The NVRS basically prevents the tool from being powered up if power is cut and then restored. ie. It wont leap to life unexpectedly as you plug the socket in, or if the power comes on after a power cut.
If you dont have one you can make one from some easy to salvage components. Here's an instructable of a NVRS I made for a wood lathe.
WARNING: Mains electricity death! Please get help with wiring if you're in any way unsure (or prone to bouts of swaggering overconfidence).
Step 9: Casting the Hub & Trunnions Pt1
Like I said at the beginning, I was experimenting with lots of different techniques with this disk sander. I wanted to try casting the trunnions from scrap aluminium. Yep, before I go any further I should admit, I have no idea if they are technically called 'trunnions', but I don't know how else to describe them. Well whatever they are, you could make them from other materials, good quality plywood, for example, if the dimensions were suitably scaled-up.

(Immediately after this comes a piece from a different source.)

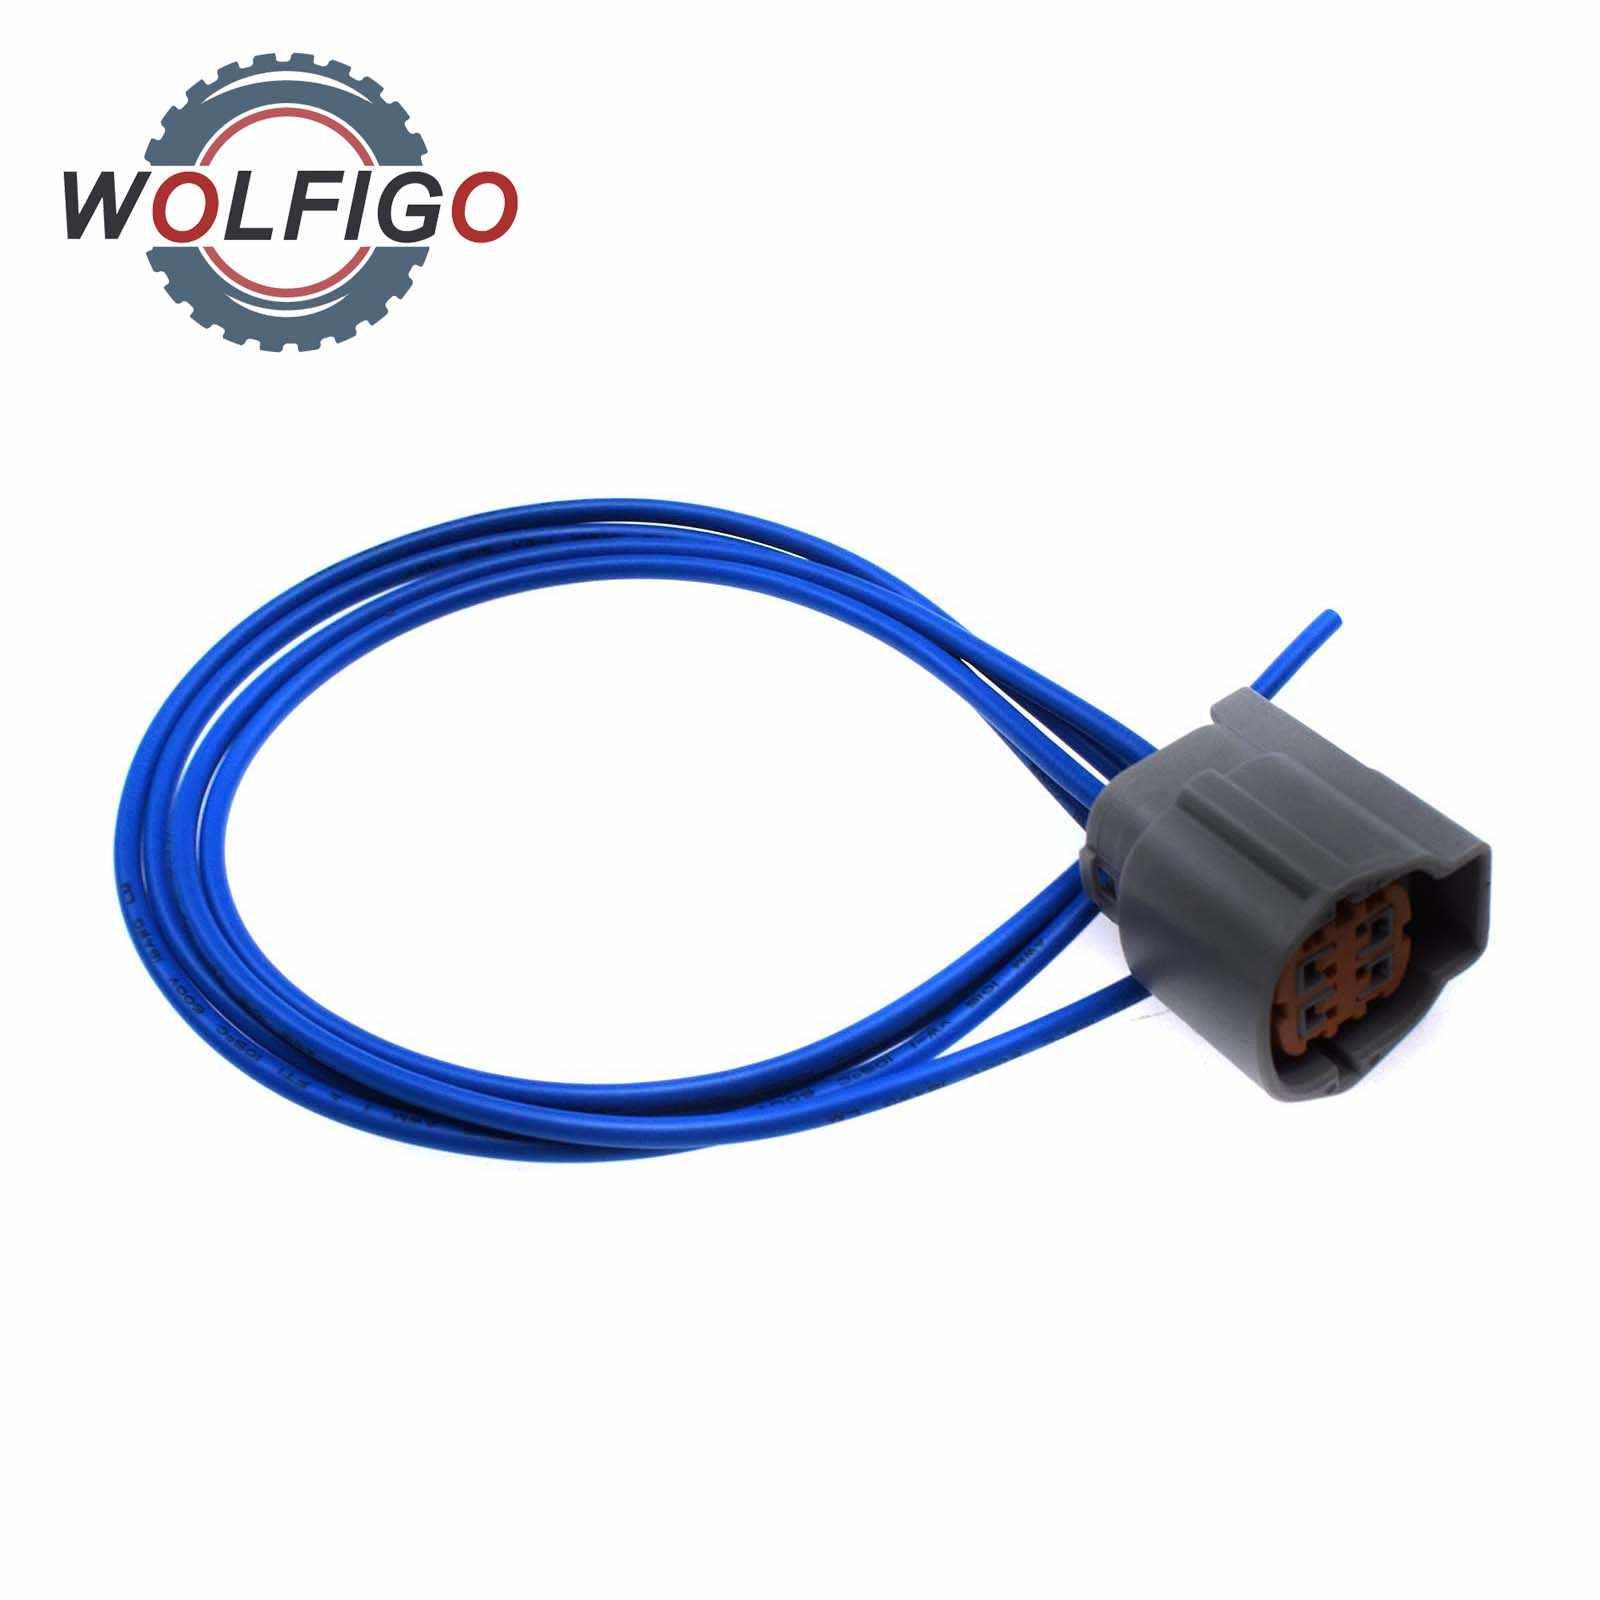 wolfigo o2 oxygen sensor connector pigtail harness for nissan subaru  infiniti rs04fg|exhaust gas oxygen sensor| - aliexpress  aliexpress

Enough of the alternatives, here's my aluminium experiment:
I started by making the pattern from some shuttering ply, drawing out and cutting the shape on the bandsaw. I wanted two of them.

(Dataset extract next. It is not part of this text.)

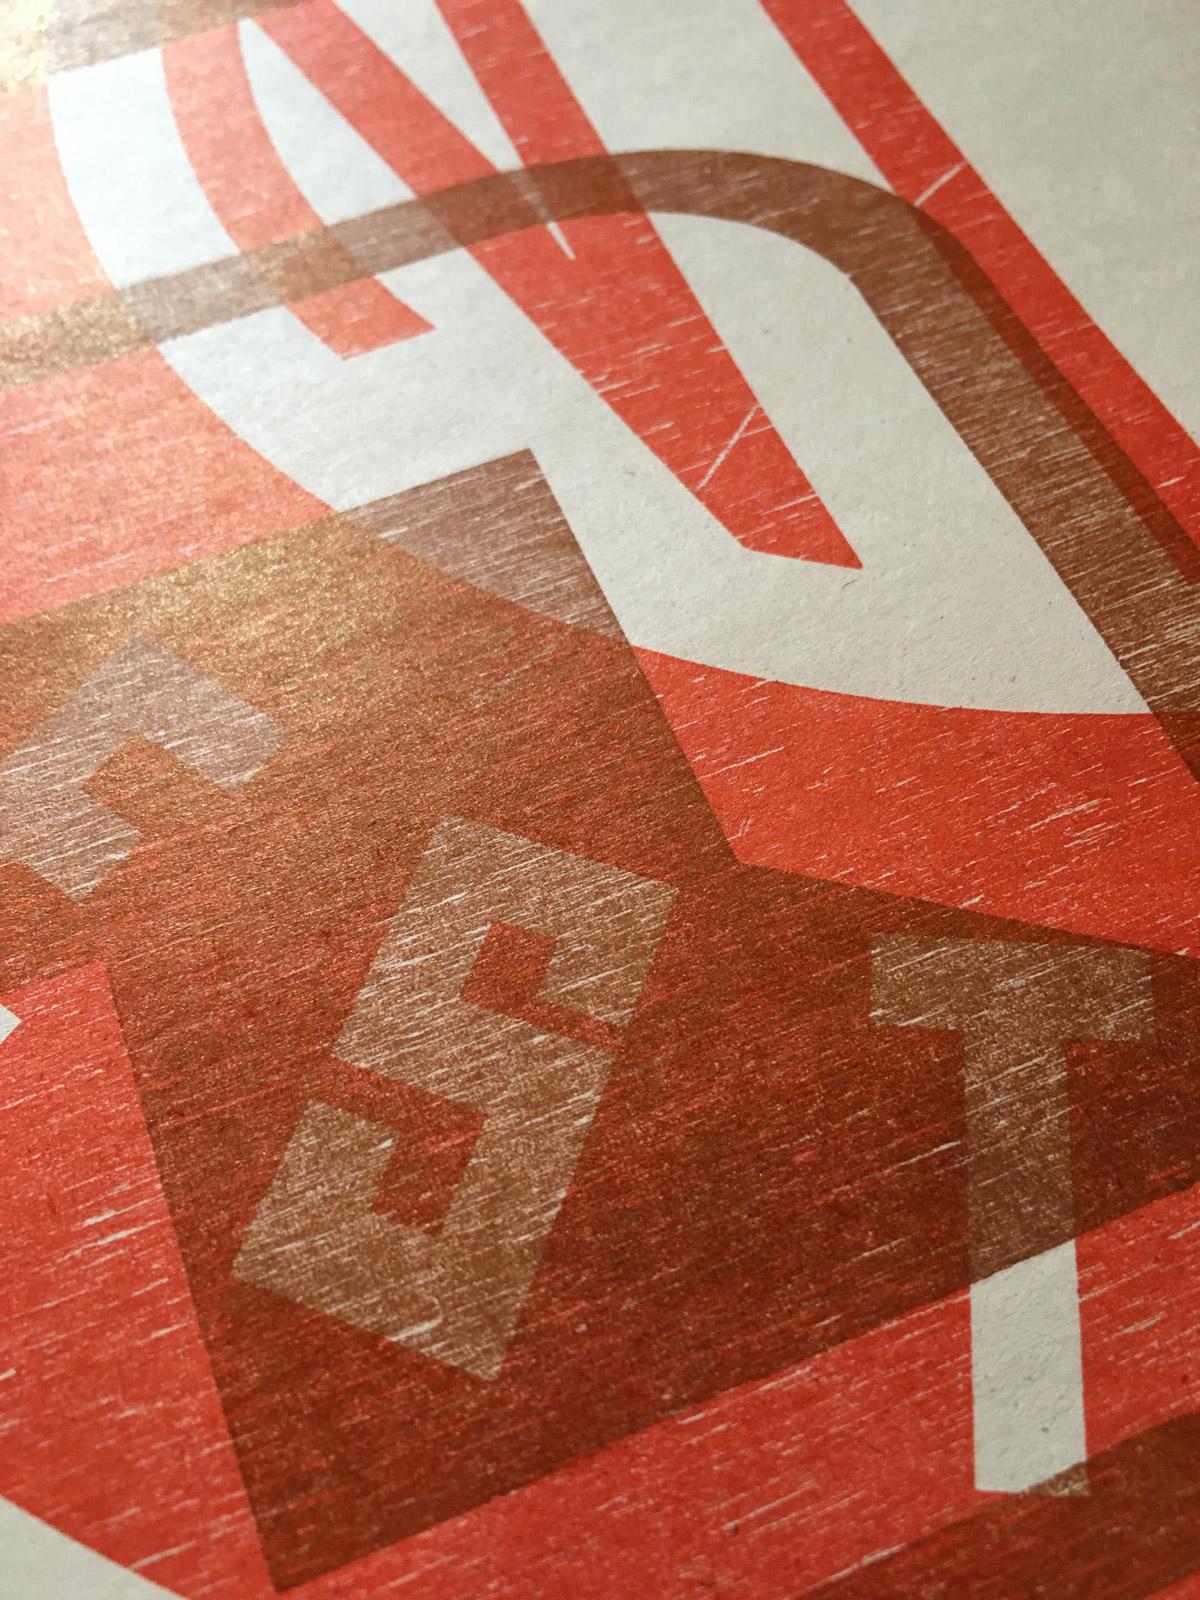 WrappingPaper-06.jpg

Next I chamfered the edges - this gives you a release angle - vertical edges would be impossible to remove from the casting sand.
I was in a bit of a rush, and the patterns could have been better, smoother, more identical, varnished etc. But I was hopeful they would do the job...
Step 10: Casting the Hub & Trunnions Pt2
Time to fire up the furnace!
I used a home made one in an old propane tank, using a blower from an old oil boiler.
Aluminium was melted (lots of info on the net on this if your interested in casting methods).
I poured into the mould for the trunnions, and the 'mould' for the hub: see pics...
There's soooo much information out there about aluminium casting that I'm not going to go into loads of detail here. An instructable search reveals some goodies, and I found the book "Metal Casting A Sand Casting Manual for the Small Foundry, Vol. 1" by Steve Chastain, 2004, really useful - it may well be at your local public library.
Step 11: Truing Up the Hub
So I would probably classify the frying pan mould experiment as a fail. The molten aluminium warped the pan so much that it created quite an odd shaped disk.
Still, I'm stubbornly pressing on with it and spent a LONG time on the metal lathe truing it up.
Step 12: Mounting the Hub
Ok this was a bit of a time consuming fiasco. Mainly because of the frying pan incident!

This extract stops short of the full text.